JsonWhoIs

This Integration is part of the JsonWhoIs Pack.

Use the JsonWhoIs integration to enrich domain indicators.

Configure JsonWhoIs on Cortex XSOAR

1. Navigate to Settings > Integrations  > Servers & Services.

2. Search for JsonWhoIs.

3. Click Add instance to create and configure a new integration instance.

   Parameter	Description	Example
   Name	A meaningful name for the integration instance.	JsonWhoIs_instance_1
   API Token	Your JsonWhoIs API token	N/A
   System proxy	Runs the integration instance using the proxy server (HTTP or HTTPS) that you defined in the server configuration.	https://proxyserver.com
   Trust any certificate (not secure)	When selected, certificates are not checked.	N/A
   Do Not Use by Default	If checked the commands will not be used by default (this is influenced if two command are the same).	N/A

4. Click Test to validate the new instance.

Commands

You can execute these commands from the Cortex XSOAR CLI, as part of an automation, or in a playbook. After you successfully execute a command, a DBot message appears in the War Room with the command details.

Get enriched data

Returns enriched data for Domains, URLs, and IP addresses.

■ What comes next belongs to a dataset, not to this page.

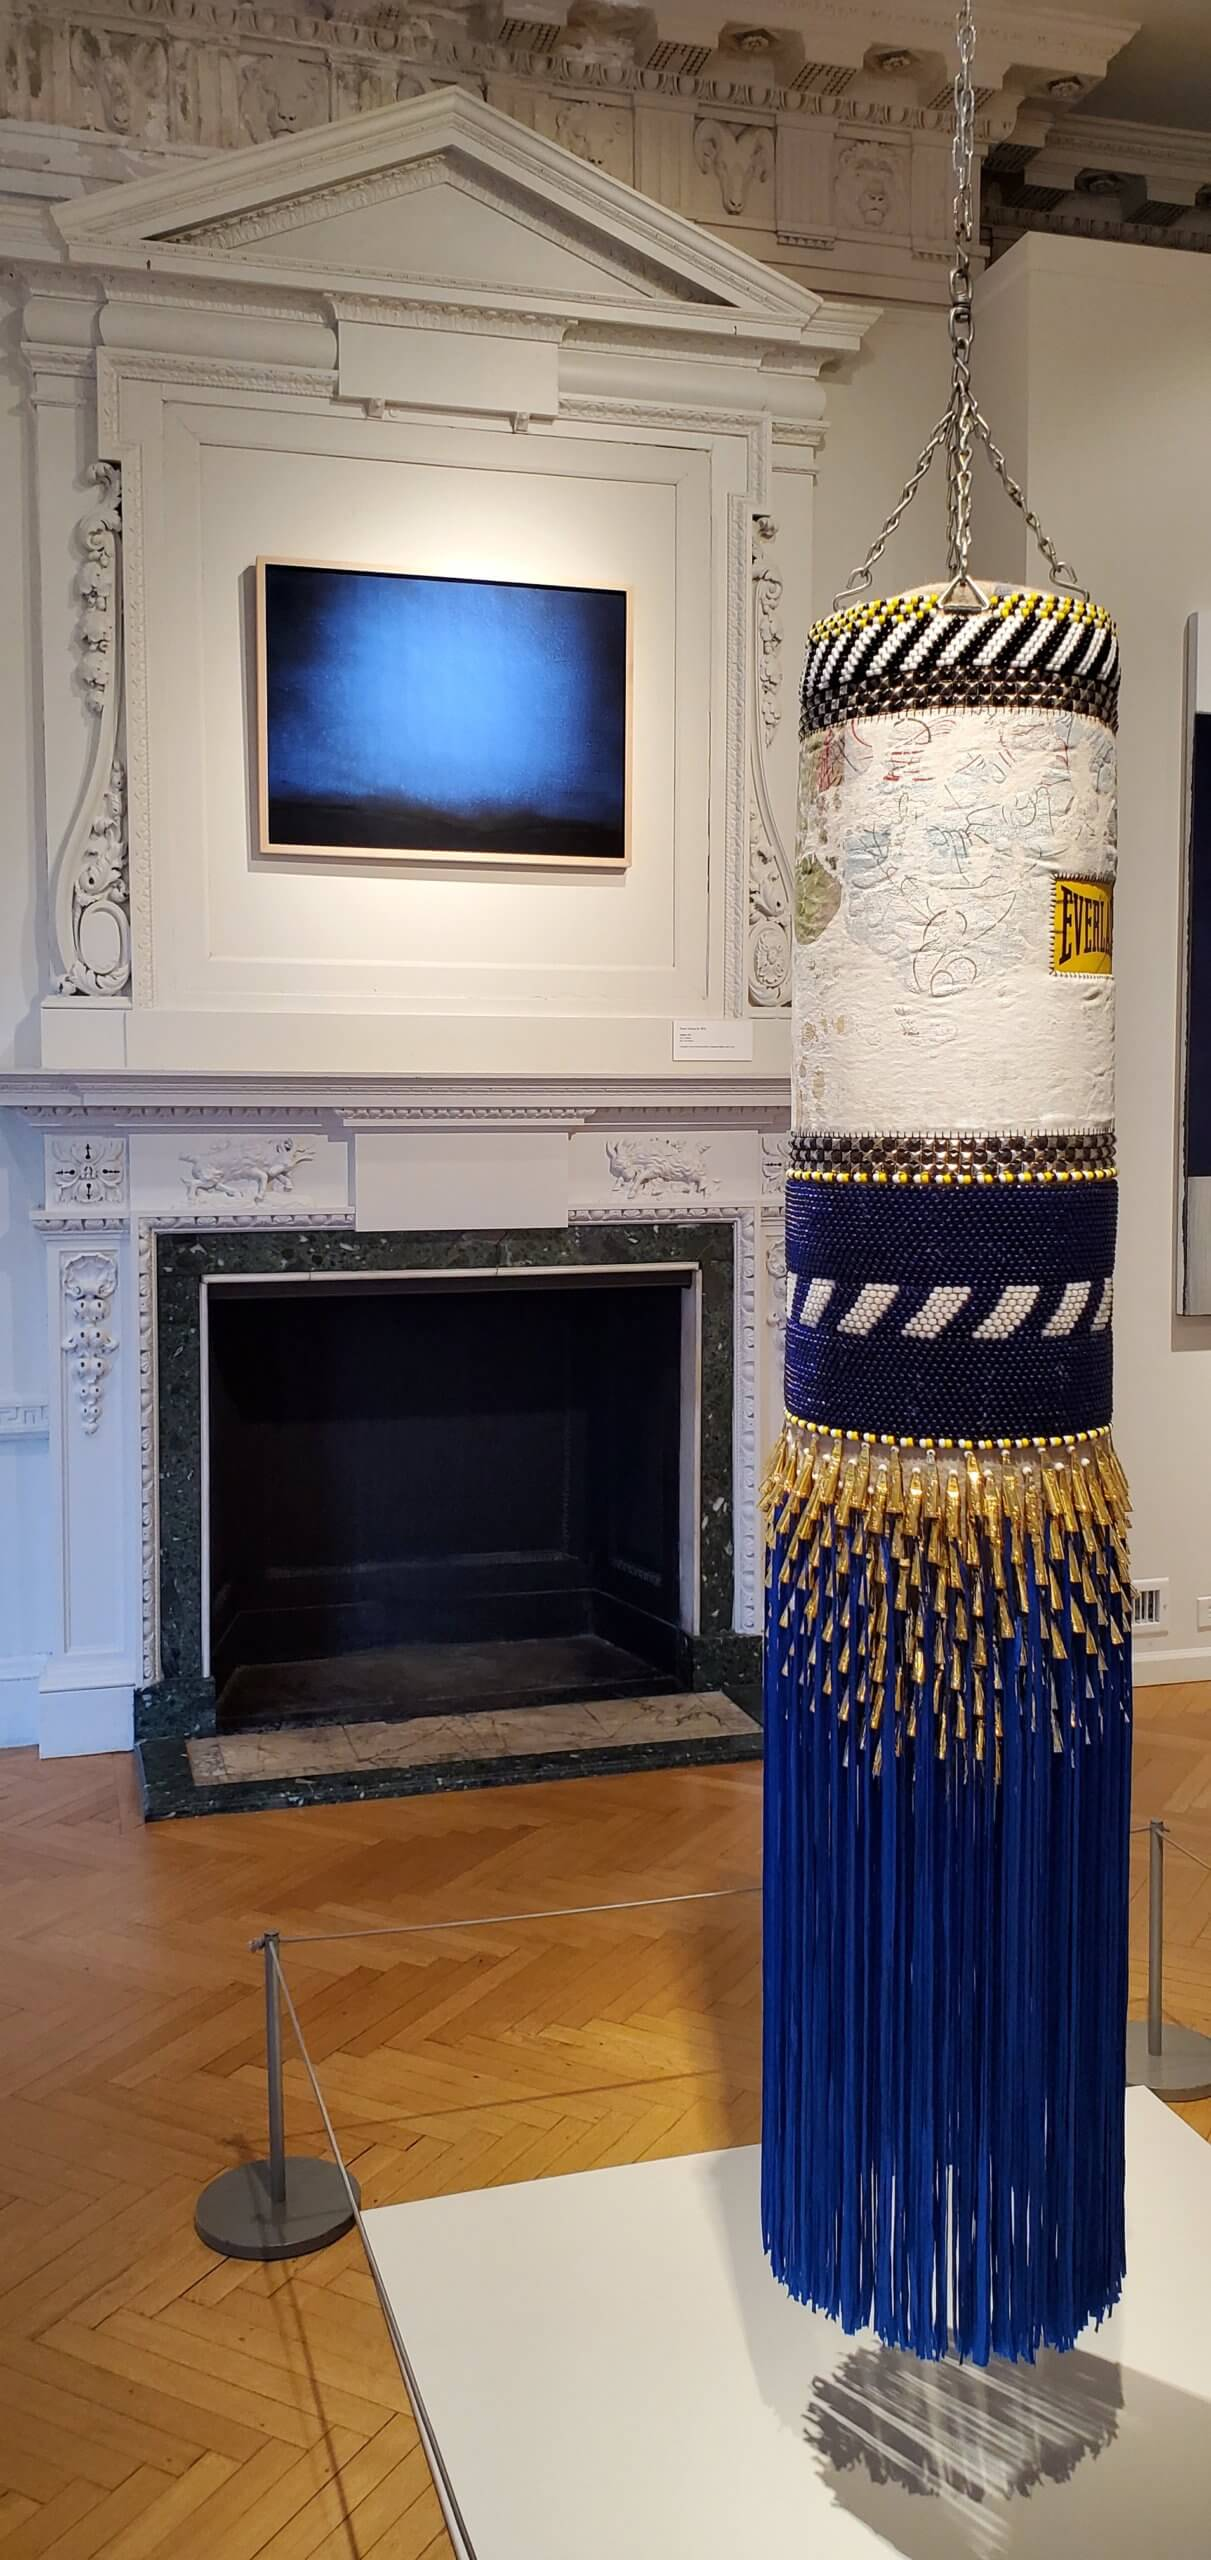 Jeffery Gibson – DEEP BLUE DAY, 2014 | Nassau County Museum of Art

Notice: Submitting indicators using this command might make the indicator data publicly available. See the vendor’s documentation for more details.

Base Command

whois

Input

Argument Name	Description	Required
query	The URL, IP address, or domain to enrich.	Required

Context Output

Path	Type	Description
Domain.WHOIS.DomainStatus	Boolean	Whether the domain is registered.
Domain.WHOIS.NameServers	String	The name servers.
Domain.WHOIS.CreationDate	Date	The creation date.
Domain.WHOIS.UpdatedDate	Date	The updated date.
Domain.WHOIS.ExpirationDate	Date	The expiration date.
Domain.WHOIS.Registrant.Name	String	The registrant name.
Domain.WHOIS.Registrant.Email	String	The registrant email.
Domain.WHOIS.Registrant.Phone	String	The registrant phone.
Domain.WHOIS.Registrar.Name	String	The registrar name.
Domain.WHOIS.Registrar.Url	String	The registrar email.
Domain.WHOIS.Registrar.Organization	String	The registrar organization name.
Domain.WHOIS.Registrar.Id	Number	The registrar ID.
Domain.WHOIS.Admin.Name	String	The Admin name.
Domain.WHOIS.Admin.Email	String	The Admin email.
Domain.WHOIS.Admin.Phone	String	The Admin phone.

Command Example

!whois query=demisto.com

Context Example

{

"Domain": {

"WHOIS": {

"Admin": [

{

"Email": "5be9245893ff486d98c3640879bb2657.protect@whoisguard.com",

"Name": "WhoisGuard Protected",

"Phone": "+507.8365503"

}

],

"CreationDate": "2015-01-16T21:36:27.000Z",

"DomainStatus": "registered",

"ExpirationDate": "2026-01-16T21:36:27.000Z",

"NameServers": [

{

"Name": "pns31.cloudns.net"

},

{

"Name": "pns32.cloudns.net"

},

{

"Name": "pns33.cloudns.net"

},

{

"Name": "pns34.cloudns.net"

}

],

"Registrant": [

{

"Email": "5be9245893ff486d98c3640879bb2657.protect@whoisguard.com",

"Name": "WhoisGuard Protected",

"Phone": "+507.8365503"

}

],

"Registrar": {

"Id": "1068",

"Name": "NameCheap, Inc.",

"Url": "http://www.namecheap.com"

},

"UpdatedDate": "2019-05-14T16:14:12.000Z"

}

}

}

Human Readable Output

Admin account

Email	Name	Phone
5be9245893ff486d98c3640879bb2657.protect@whoisguard.com	WhoisGuard Protected	+507.8365503

Name servers

Name
pns31.cloudns.net
pns32.cloudns.net
pns33.cloudns.net
pns34.cloudns.net

Registrant

Email	Name	Phone
5be9245893ff486d98c3640879bb2657.protect@whoisguard.com	WhoisGuard Protected	+507.8365503

Registrar

Id	Name	Url
1068	NameCheap, Inc.	http://www.namecheap.com

Others

CreationDate	DomainStatus	ExpirationDate	UpdatedDate
2015-01-16T21:36:27.000Z	registered	2026-01-16T21:36:27.000Z	2019-05-14T16:14:12.000Z

Troubleshooting

The JsonWhoIs API is not stable. We recommend attempting a query three times before considering the query to fail.